Nobel Prize in medicine given for HIV, HPV discoveries
Three Europeans recognized for linking viruses to AIDS, cervical cancer
By Nathan Seppa
The 2008 Nobel Prize for physiology or medicine will be shared among three European researchers for their pivotal work in identifying the roles of sexually transmitted viruses in causing cervical cancer and AIDS.
Half of the $1.4 million prize goes to Harald zur Hausen of the GermanCancerResearchCenter in Heidelberg for his discovery that the human papillomavirus, or HPV, causes cervical cancer. His work in the 1970s and 1980s laid the foundation for a full onslaught against HPV. In recent years, scientists have developed and made available for commercial use two vaccines against HPV, one marketed by Merck as Gardasil and the other marketed by GlaxoSmithKline as Cervarix. The vaccines are the first to guard against a cancer, preventing key strains of HPV infection that cause most cervical cancers. HPV has since been linked to other cancers as well.
The other half of the 2008 medical Nobel prize will be split by Françoise Barré-Sinoussi and Luc Montagnier for work that culminated in the early 1980s with the discovery that a strange virus, later called the human immunodeficiency virus, or HIV, was the cause of AIDS. It is the first Nobel given specifically for HIV research.
Their work, done at the Pasteur Institute in Paris, was later confirmed in the United States by Robert Gallo and his team at the National Cancer Institute in Bethesda, Md., although that work ignited a controversy, which simmered throughout the 1980s, over the rightful owner of the “discoverer” title.
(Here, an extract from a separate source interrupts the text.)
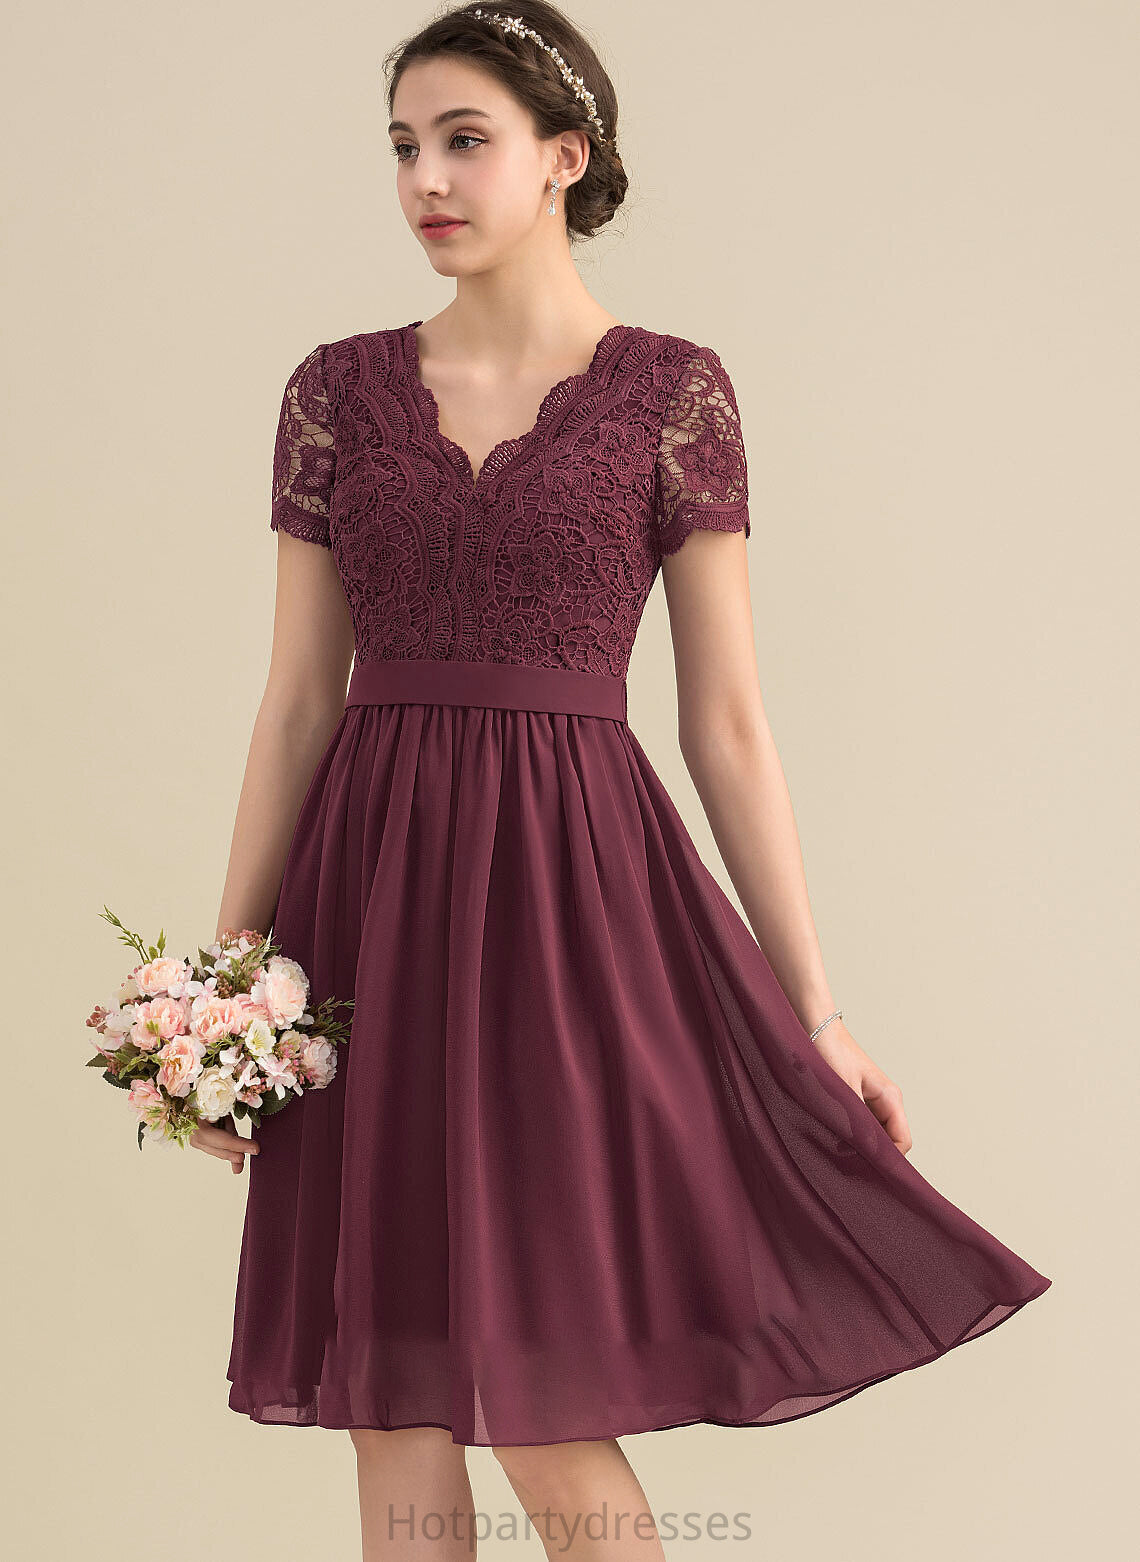 Knee-Length Neckline A-Line V-neck Lace Silhouette Length Straps Fabric Asia Floor Length Sleeveless Bridesmaid Dresses

In any case, no one disputes that the early HIV findings cleared the way for a test for the virus, for blood supply screening and for the development of drugs to combat HIV in patients.
In his work on human papillomavirus, zur Hausen toiled against a prevailing notion taught in medical schools at the time — that a herpes virus probably caused cervical cancer. Using a new technology developed in the 1970s called recombinant DNA, he failed to find any herpes DNA in cervical tumors.
Instead, he isolated HPV DNA from cervical tumors in the lab, and dubbed the viral strain HPV-16. His team was also able to look for this particular strain of the virus in other cervical cancers, and found it in roughly half of such tumors. When some women with cervical cancer turned out to have a form of HPV other than this strain, the team cloned that and named it HPV-18.